でも、裏目どころか、徹底的に裏切られてしまった。
彼らがいまでも信用しているらしい小沢一郎にしても、相変わらず、「政治の理想は権力をとってから」で政局政局ですべてを矮小化してしまっている。
苦しくて、どこにも希望がなくて、日本人は気が狂いそうなほど追い詰められていると思う。
極右を選択したという意識はないのではないだろーか。
日本という国はご承知のとおり中国化を食い止めることが国の文明のアイデンティティのおおきな部分をなしている。
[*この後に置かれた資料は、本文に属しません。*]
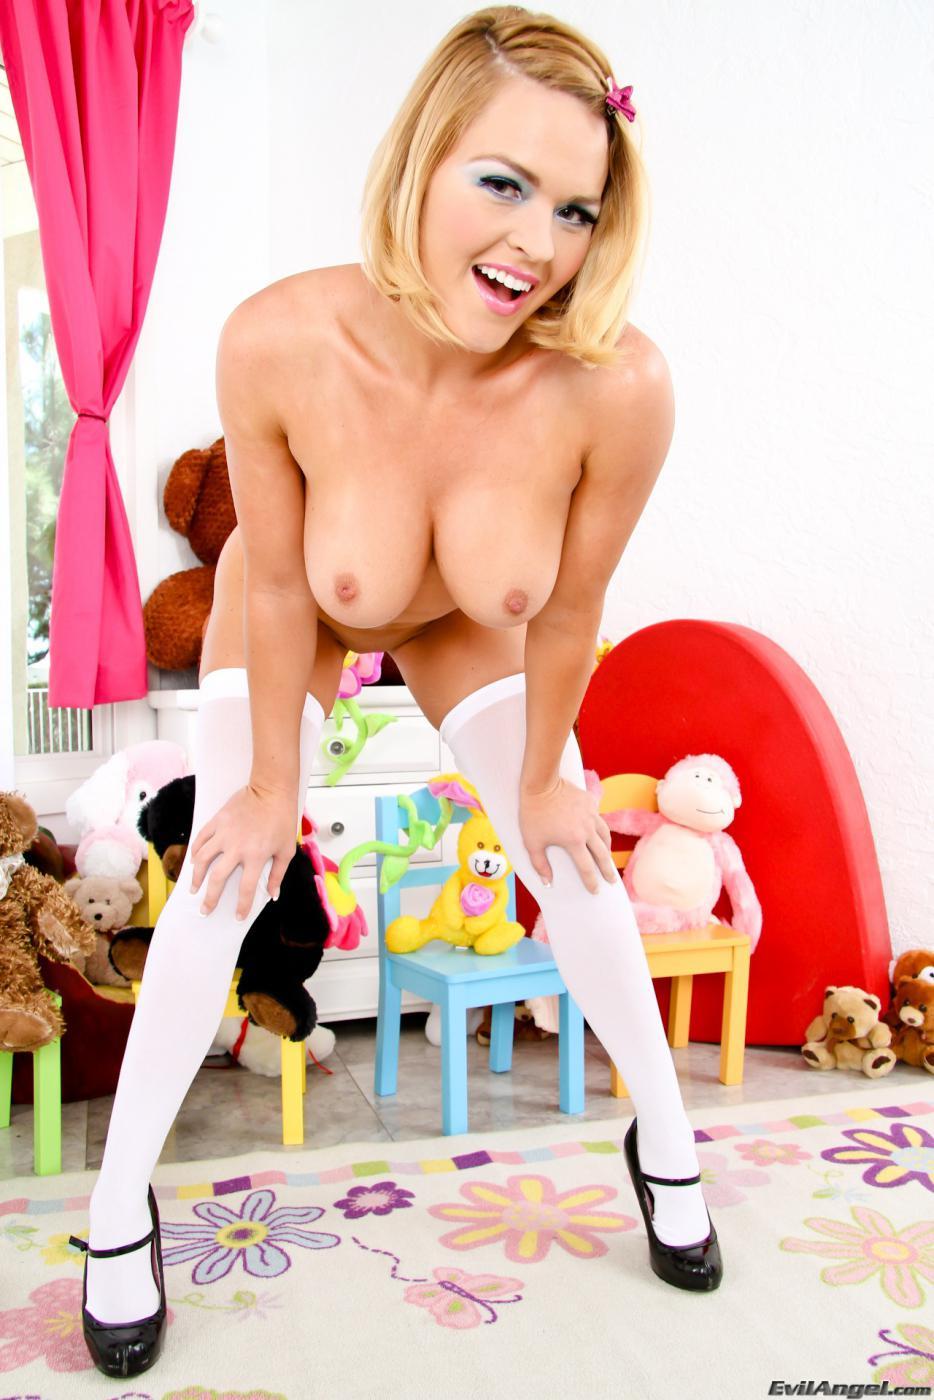 Красивая блондинка Krissy Lynn полностью готова продемонстрировать свою приличную попку

薄い壁いちまいをいっぱいにひろげた両腕で支えて、つまさきだちで中国大陸からの圧力をこらえてきたのが日本の歴史だった。
だから、もうそういう歴史は生理化していて、尖閣諸島への反応はいま生きている日本人だけの反応ではなくて、もうずっとむかしに死んで言語のなかに潜んでいる先祖たちの魂の反応でもあるのではないだろーか。
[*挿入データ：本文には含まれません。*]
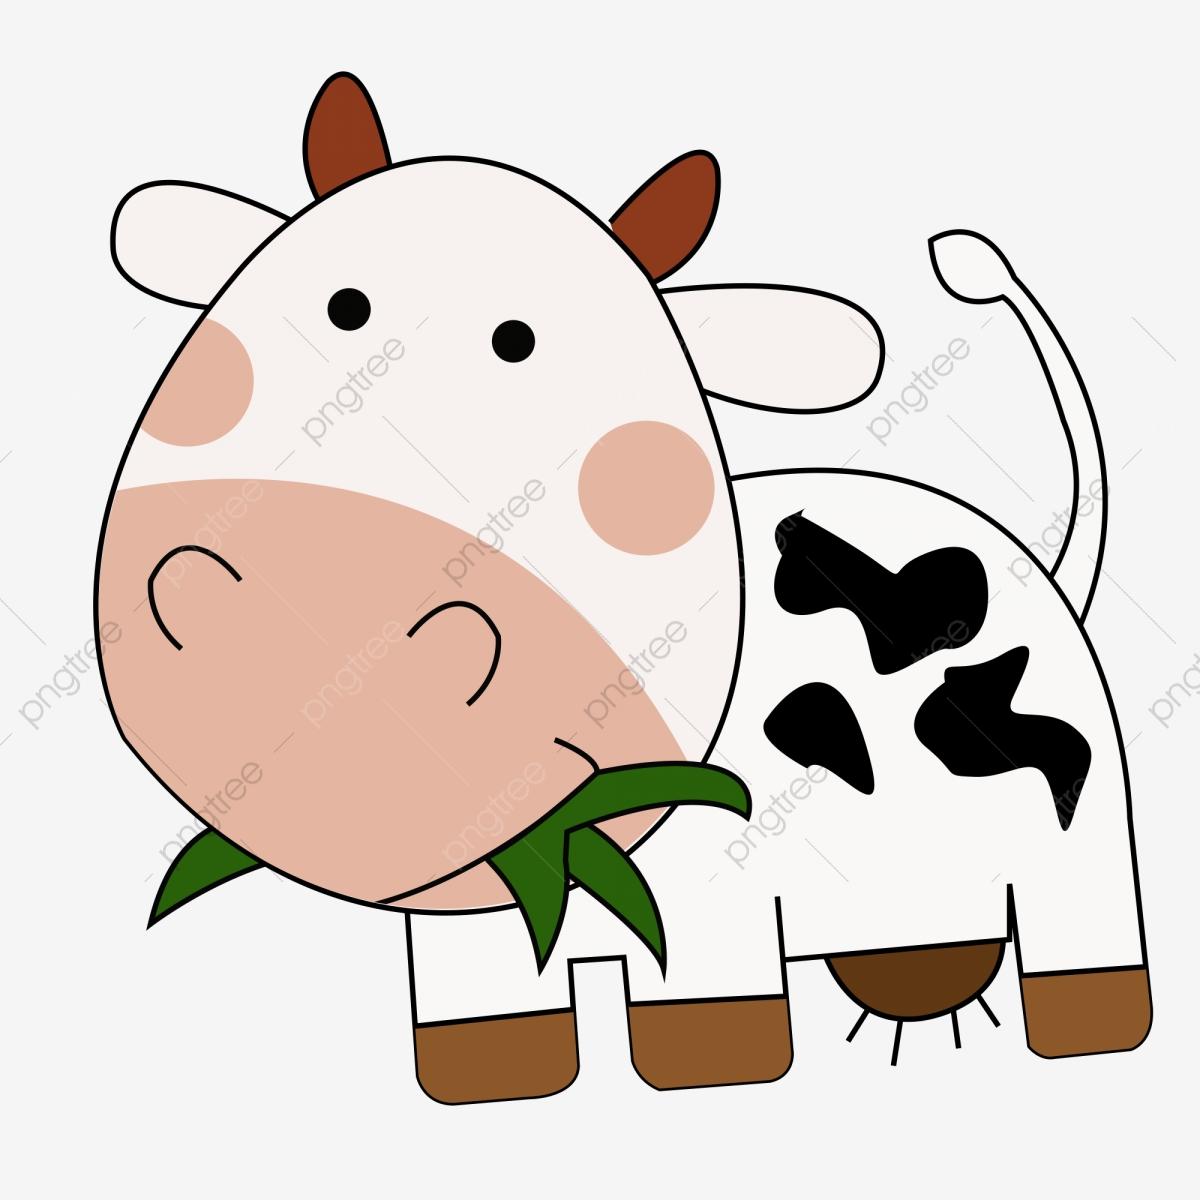 Childrens Dibujo Vaca Vaca Animal De Ganado, Animal.

最後のところで、おっちゃんは声に出して笑うと、「ガメらしい」とつぶやいて、そろそろヨーロッパにもどってきたまえ、と、(おおきなお世話だが)とーちゃんと同じことをゆって電話が切れた。

現実ではないが、わしは、最近、多分日本にもう行かなくなったせいで、日本が好きなのではないか、と思うことがある。
天神山のトンネルを抜けると一面に広がって、風につれて、ゆっくりと黄金色の波がわたってゆく稲穂の海や、やはり「眩しい」と表現したくなる金色の滝のような音をたてて落ちる議事堂前の銀杏並木の落葉、低い灰色の空がひろがって、吐く息が白くなる繊細な冬の東京の大気、朝日に燦然と輝く、樹木ごとクリスタルになったような冬の軽井沢の森、なによりも、なんだか照れくさそうに曖昧に笑って、子供のようにおおきなお辞儀をする店員の若い女びとたちや、自分の職業への誇りと矜恃で背筋がすっとのびている真珠店のじーちゃんたち、わしが思い出す日本は「極右」の日本ではなく、孤独な文明が2000年のときをこえて生き延びてたどりついた西洋人には見えにくい洗練であると思う。
そうして洗練というものは手のひらのなかの雪のように、あえかに壊れてしまうものである。

ひとりひとりの日本のひとが幸福をとりもどすことを祈ります。